A year after his mother’s death, he decided that he wanted to pursue a career as a singer and ran away from home. He began supporting himself singing at local resorts, weddings, and funerals. He later said that he had to cut his shirtfronts out of white paper, because he couldn’t afford to buy real shirts. He also wore his suit so many times that it turned green from mold, and he had to dye it black again.
He entered the military when he was 21. An officer noticed his beautiful voice and introduced him to a wealthy nobleman who was connected to the opera industry. And that was how Caruso got his first role in an opera. He was paid $16 for his first two performances in 1895. The first opera he sang in was a failure, but he worked his way up in the minor opera houses until he was singing in the most prestigious houses in Naples. By 1898, he was so famous that he was invited to sing in St. Petersburg, Russia. After his performance, the czar gave him a pair of gold cuff links set with diamonds. At that time, the New York Met was the one of the world’s leading opera houses, and when the manager of the Met heard Caruso sing in England, he signed Caruso to a five-year contract for 50 performances a season. Unfortunately, the manager of the Met resigned before Caruso arrived, and that meant that his contract was null and void. The new manager had never heard of Caruso, and was only willing to commit to 25 appearances for an unknown tenor.
There was a good deal of anticipation among opera aficionados for his Metropolitan debut in Rigoletto in 1903, and most critics agreed that he did a good job, but it wasn’t a standout performance. Over the course of that first opera season, Caruso began to relax, and he sang better and better with each performance. By the end of the season, audiences were going into hysterics. After one of his last performances of the season, the audience members began yelling, stamping, and screaming his name. One woman jumped up on stage as Caruso came out for a bow. She tore a button from his coat and immediately burst into tears.
Less than three months after his Metropolitan debut, Caruso made some recordings for the Victor Company. At the time, the gramophone was just a curiosity, but Caruso had become a household name, and people all over the country wanted to hear his voice. His records inspired thousands of people to buy their first gramophones, and his were the first records ever to sell more than a million copies. It can therefore be argued that Caruso’s voice was responsible for the beginning of the musical recording industry.
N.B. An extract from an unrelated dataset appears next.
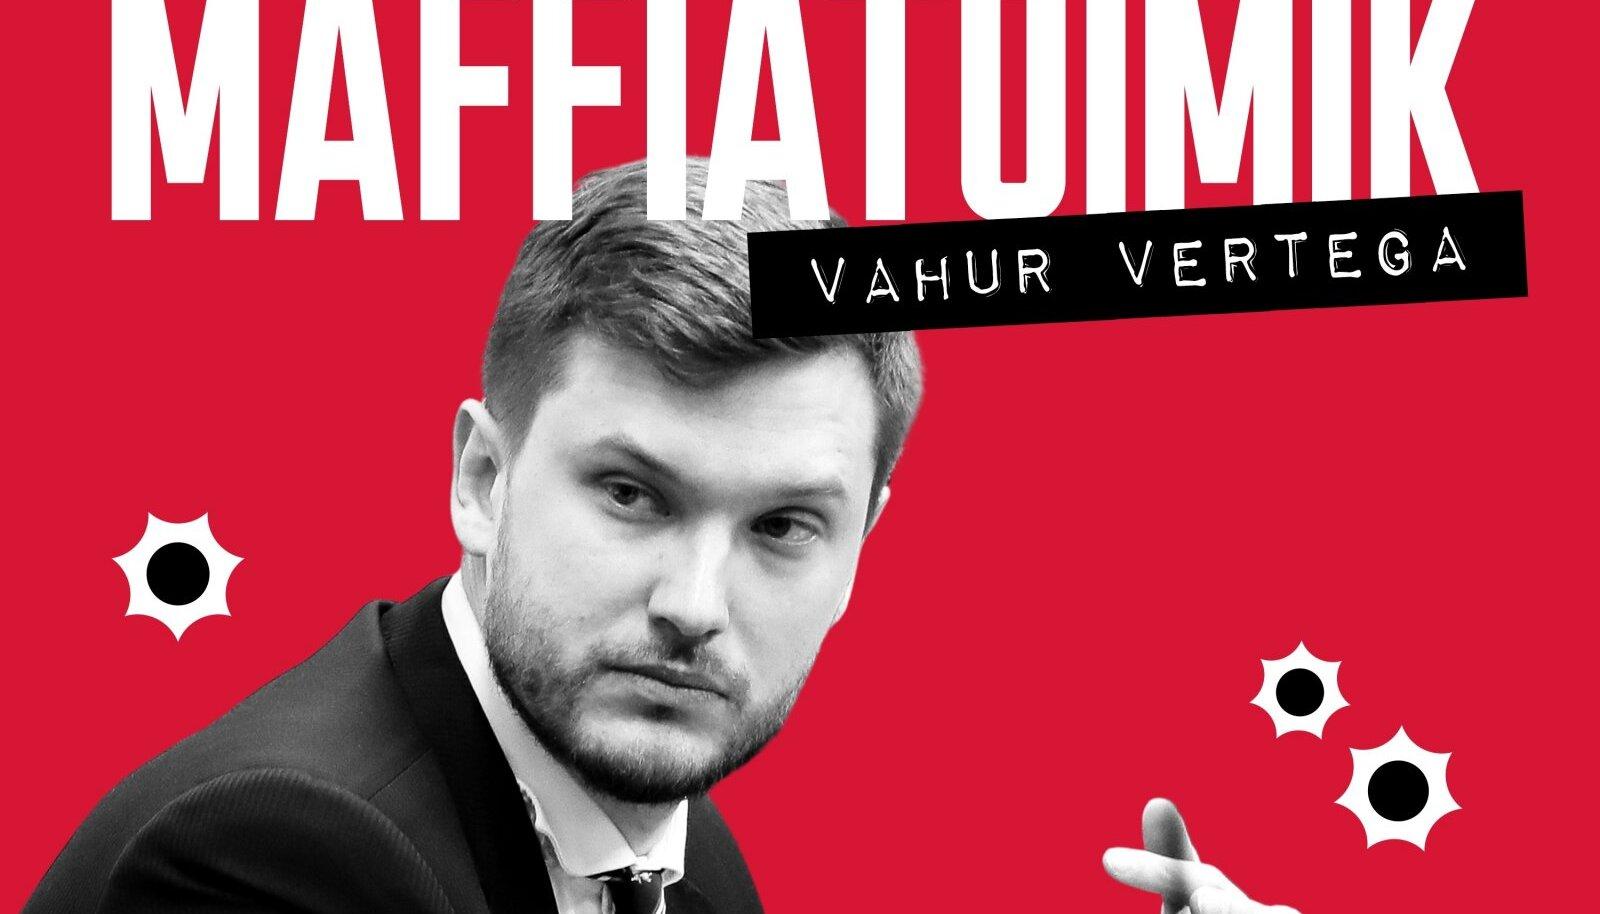 Riigiprokurör Vahur Verte.
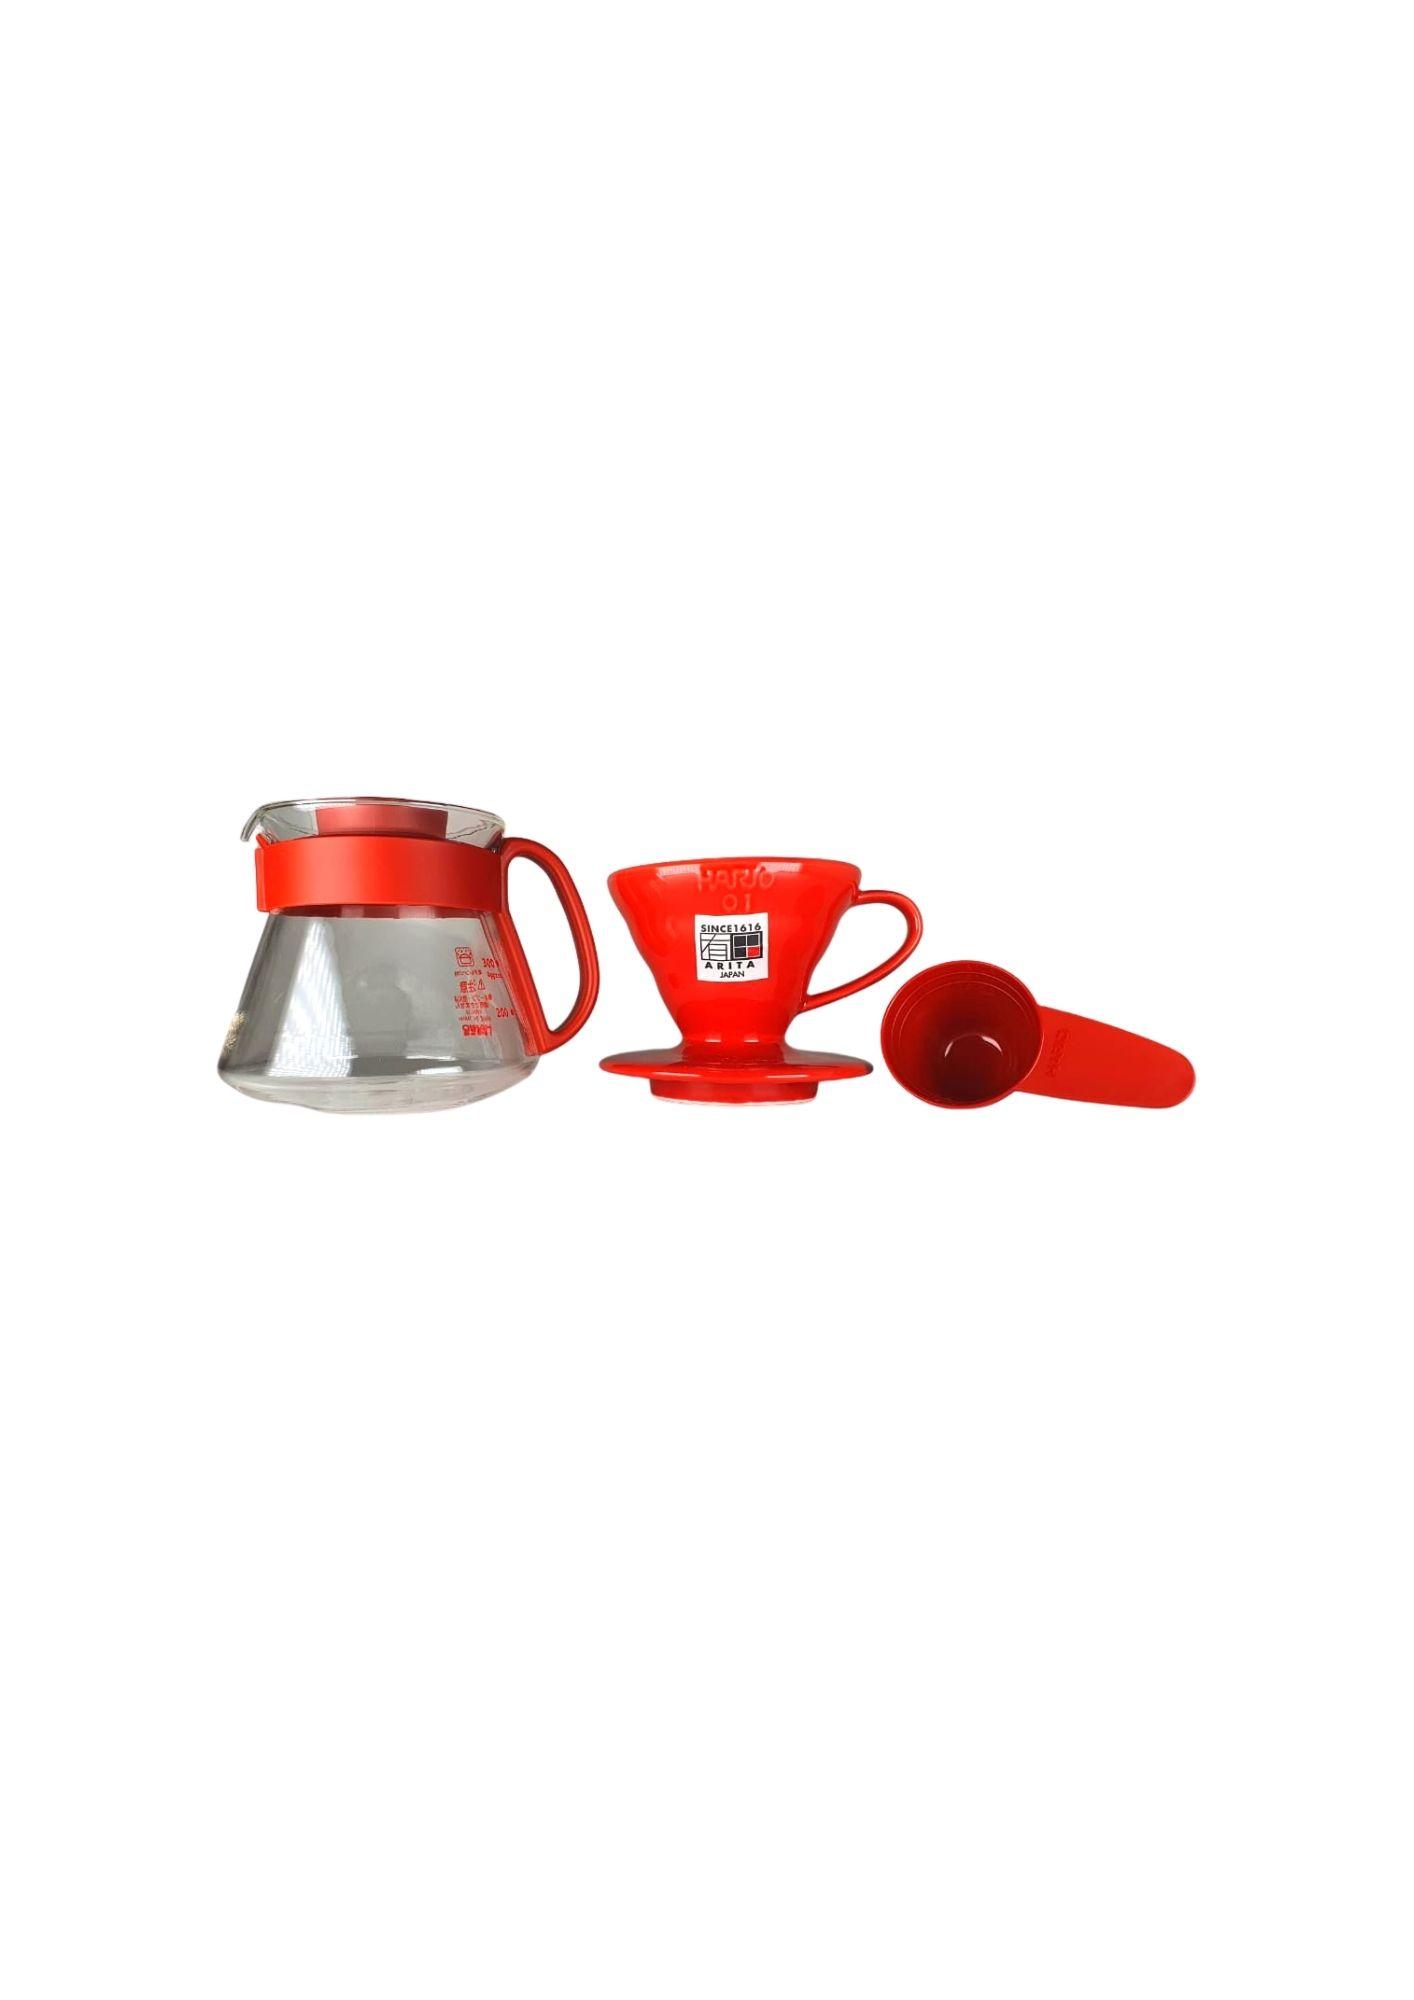 HARIO KIT V60 VDS-3012 RED

Caruso went on to perform 17 consecutive seasons at the Met, giving a total of 626 performances in New York, in 37 different operas. He gave his final performance at the Met on December 11, 1920, but he had to leave the stage after the first act, because he was coughing up blood. It was the final performance of his life. He died a few months later.
Enrico Caruso once said, “[A great singer needs] a big chest, a big mouth, 90 percent memory, 10 percent intelligence, lots of hard work, and something in the heart.”